I'm a total noob at this and I openly admit I don't know what I'm doing. I mix-matched a bunch of training parameters from random online tutorials and LoRA guides (this Huggingface page and Civitai), so my TOML is probably a Frankenstein monster.

The generations come out with a really ugly green wash/tint (especially in backgrounds, water, space scenes, and shadows, everything looks like murky olive soup) plus a heavy painterly/scratchy texture on skin and flat surfaces that shouldn't have it.

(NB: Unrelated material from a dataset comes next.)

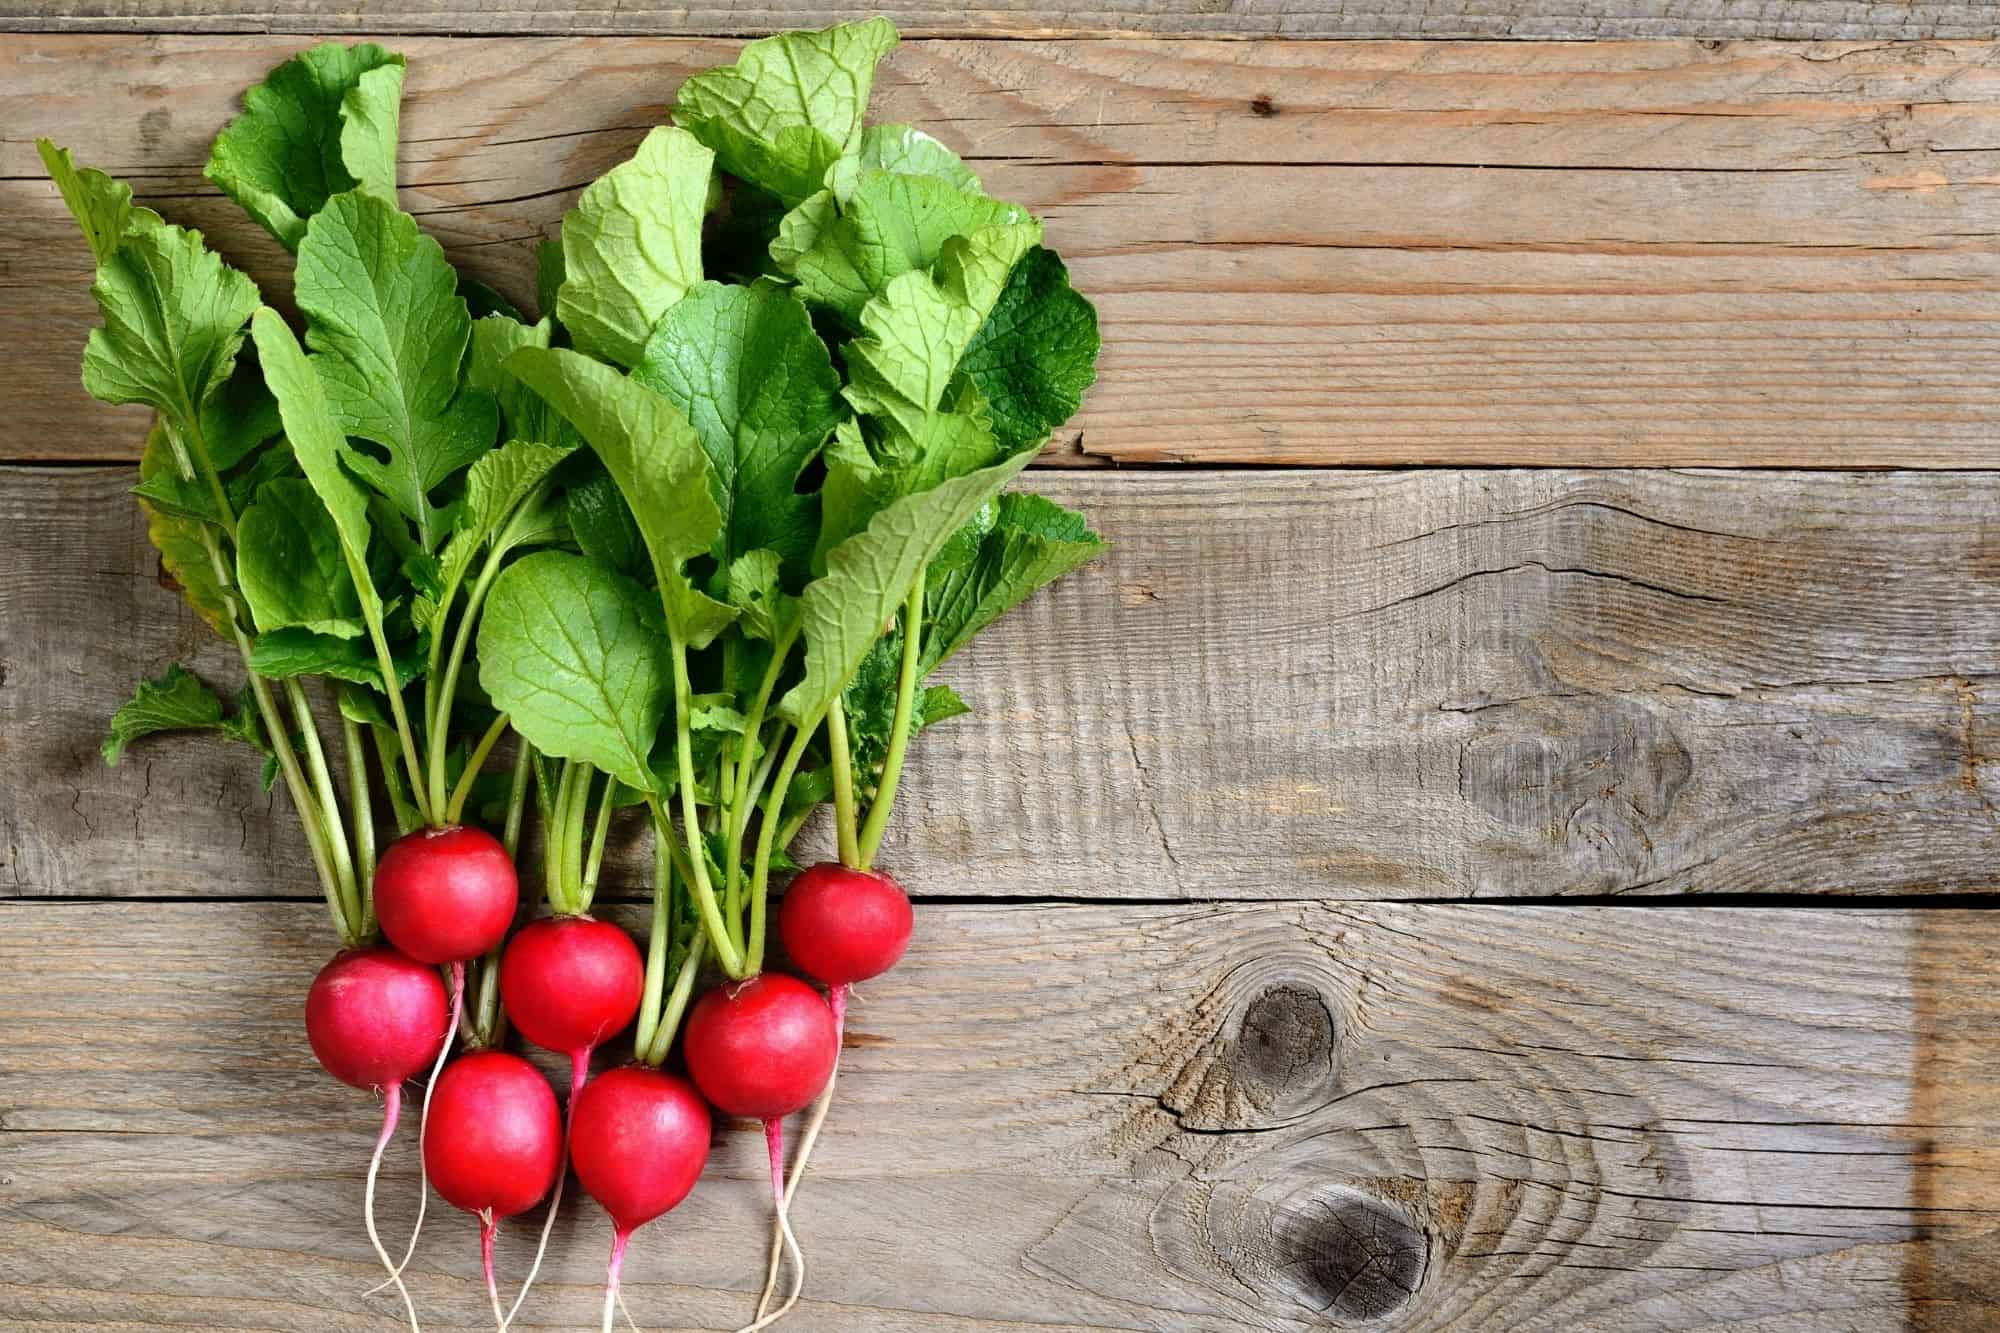 Radishes with the green tops attached on a wooden backdrop.

Here are two example outputs that show the problems (Nami from One Piece on water and the guy in the spaceship interior):

This is the exact TOML (in the "LoRA_Easy_Training_Scripts-refresh" program) I'm using right now:

[[subsets]]
caption_extension = ".txt"
image_dir = "/content/drive/MyDrive/Loras/[ARTISTSTYLE]/dataset"
name = "subset 1"
num_repeats = 1
random_crop_padding_percent = 0.0

[train_mode]
train_mode = "lora"

[general_args.args]
persistent_data_loader_workers = true
pretrained_model_name_or_path = ""
full_bf16 = true
mixed_precision = "bf16"
gradient_checkpointing = true
seed = 23
max_data_loader_n_workers = 1
max_token_length = 225
prior_loss_weight = 1.0
sdpa = true
cache_latents = true
vae_batch_size = 1
max_train_epochs = 20

[general_args.dataset_args]
resolution = 1024
batch_size = 1

[network_args.args]
network_dim = 8
network_alpha = 8.0
min_timestep = 0
max_timestep = 1000

[optimizer_args.args]
lr_scheduler = "cosine"
warmup_ratio = 0.1
max_grad_norm = 1.0
optimizer_type = "Came"
loss_type = "l2"
learning_rate = 1.25e-5

[saving_args.args]
output_dir = "/content/drive/MyDrive/Loras/[ARTISTSTYLE]/output"
output_name = "[ARTISTSTYLE]"
save_precision = "bf16"
save_model_as = "safetensors"
save_every_n_epochs = 1
save_last_n_epochs_state = 1
save_state = true

[logging_args.args]
log_prefix_mode = "disabled"
run_name_mode = "default"

[anima_args.args]
pretrained_model_name_or_path = "/content/drive/MyDrive/Downloaded_models/anima-preview2.safetensors"
qwen3 = "/content/drive/MyDrive/Downloaded_text_encoders/qwen_3_06b_base.safetensors"
vae = "/content/drive/MyDrive/Downloaded_VAEs/qwen_image_vae.safetensors"
qwen3_max_token_length = 512
t5_max_token_length = 512
timestep_sampling = "sigma"
discrete_flow_shift = 3.0

[edm_loss_args.args]
edm2_loss_weighting = false

[extra_args.args]
weighting_scheme = "uniform"
debiased_estimation_loss = true
noise_offset = 0.1

[bucket_args.dataset_args]
enable_bucket = true
min_bucket_reso = 512
max_bucket_reso = 1536
bucket_reso_steps = 64

[network_args.args.network_args]
loraplus_lr_ratio = "2.0"
network_reg_dims = ".*blocks\\\\.(1[89]|2[0-7])\\\\..*=16"
include_patterns = "['.*unet_blocks_([0-9]|1[0-9]|2[0-7])\\\\..*']"
exclude_patterns = "['.*_te_layers_.*', '.*adaln_modulation.*']"
network_reg_lrs = ".*blocks\\\\.(1[89]|2[0-7])\\\\..*=3e-05, .*blocks\\\\.([0-9]|1[0-7])\\\\..*=1.25e-05"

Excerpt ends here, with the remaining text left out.